A project working with families with children with autism and physical disabilities across Northern Ireland including in the Causeway Coast area is sharing in funding worth almost £3.5 million from the Big Lottery Fund’s Supporting Families programme.
Assistance Dogs Northern Ireland received £697,825 for the five-year Supporting Children, Supporting Families project. It is training, placing and supporting 75 assistance dogs with families who have a child aged 11 and under with autism or physical disabilities. It is one of five projects awarded funding totalling £3,468,110 million on July 31st (see separate attachment for full list of awards)
The group is working with Disability Action, Autism NI and Autism Advisory and Intervention Service to support families across Northern Ireland.
The dogs encourage independence, confidence and well being by carrying out everyday tasks including picking up items and opening and closing doors, and guide and anchor children with autism who may be at risk of ‘bolting’ on busy streets.
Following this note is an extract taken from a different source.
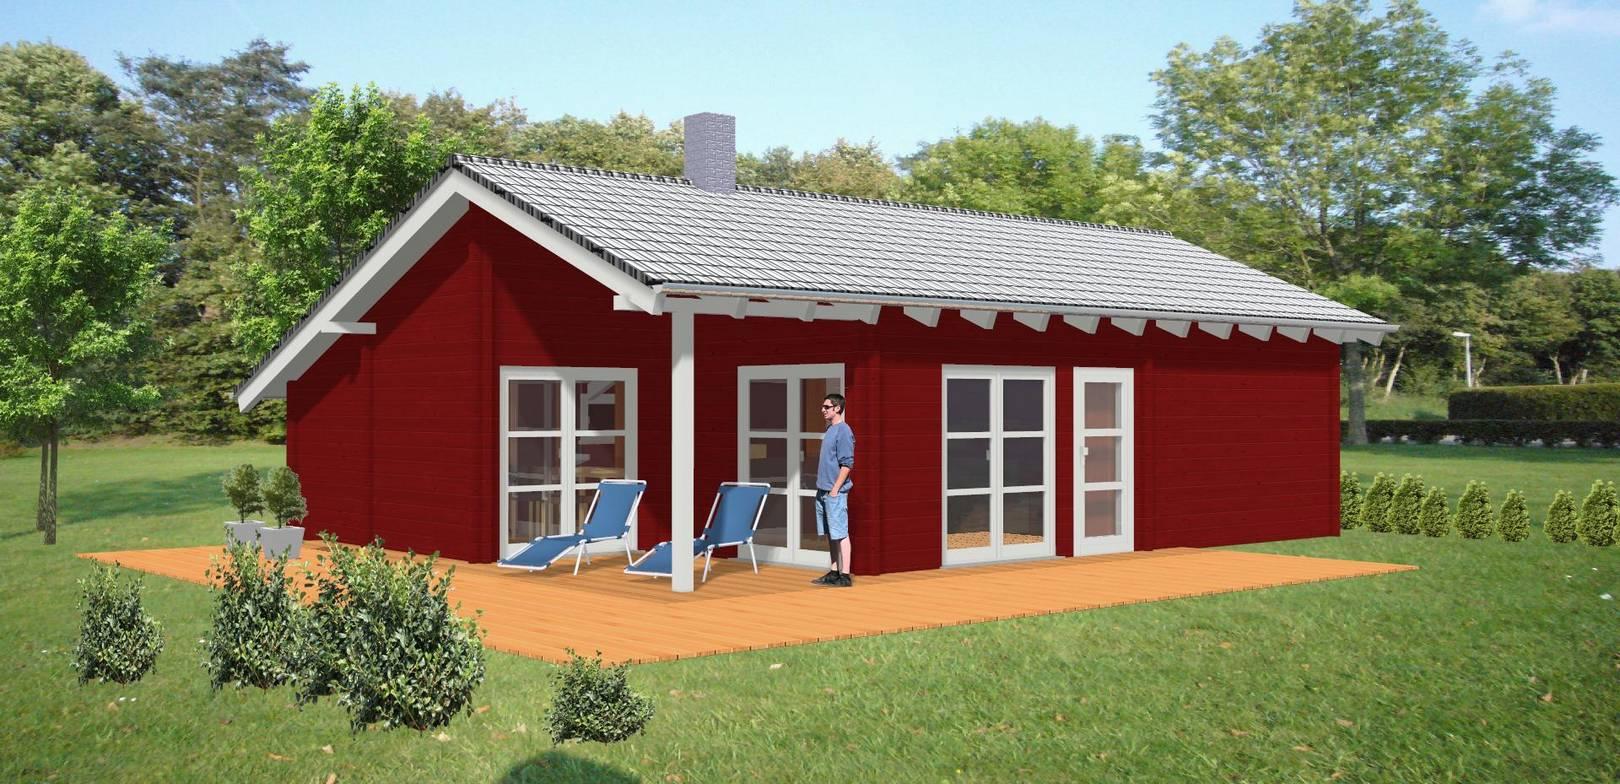 Ferienhaus Sabrina im Blockhaus Stil - Dr. Jeschke Holzbau

The project also includes group trips and events, a support helpline and activities including training sessions and basic animal first aid.
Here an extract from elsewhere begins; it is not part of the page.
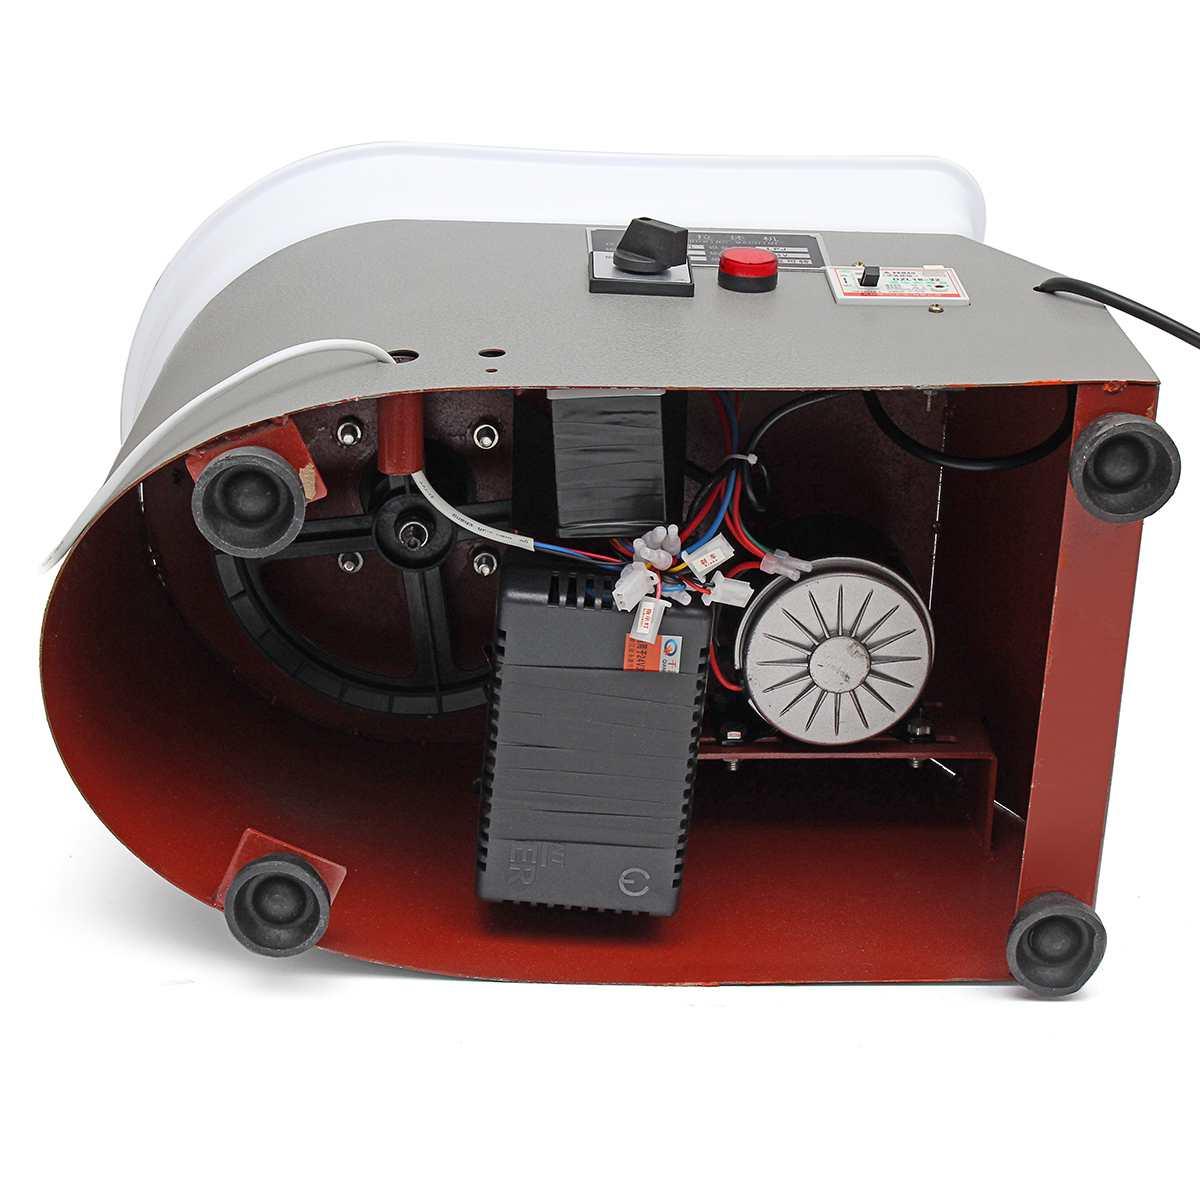 Poterie formant la Machine 220 V 350 W roue de poterie électrique argile pour travaux pratiques outil avec plateau pédale de pied Flexible pour céramique travail céramique - 5

The Barker family from Cullybackey, Co Antrim have had their lives transformed by a dog from Assistance Dogs NI. When Rebecca (8) was diagnosed with Asperger’s – a form of autism – her parents didn’t know where to turn.
“We didn’t know anything was ‘wrong’ until Rebecca went to school – there always seemed to be a reasonable explanation for any of the things we might have wondered at about,” said Michelle Barker, a full-time mum.
“But it became clear that Rebecca was desperately different from the rest of the kids. That was in September 2011, and by December she was diagnosed.”
Rebecca’s condition means that she has a number of sensory issues and can find many everyday situations overwhelming.
“Rebecca is constantly trying to make sense of a world where nothing seems to make sense and so she becomes extremely anxious,” said Michelle.
But after Michelle and husband Adam got in touch with Assistance Dogs NI, things began to change for the family. Eighteen months ago the group placed trained golden retriever Honey with them. Now Rebecca and Honey are so close that they’re known as the ‘Barker Girls’ in their local area. They are well known in the Portstewart area as well, where they have a holiday caravan.
Michelle said: “Rebecca calls Honey her fluffy sister. There is an incredible bond between them. Everywhere Rebecca goes, Honey goes. She is just part of the family.
“If Honey hears Rebecca crying she will go to her and lick her to calm her down. That is sorted out in a few minutes whereas before Rebecca had meltdowns that could have gone on for 15 minutes, an hour or even a week.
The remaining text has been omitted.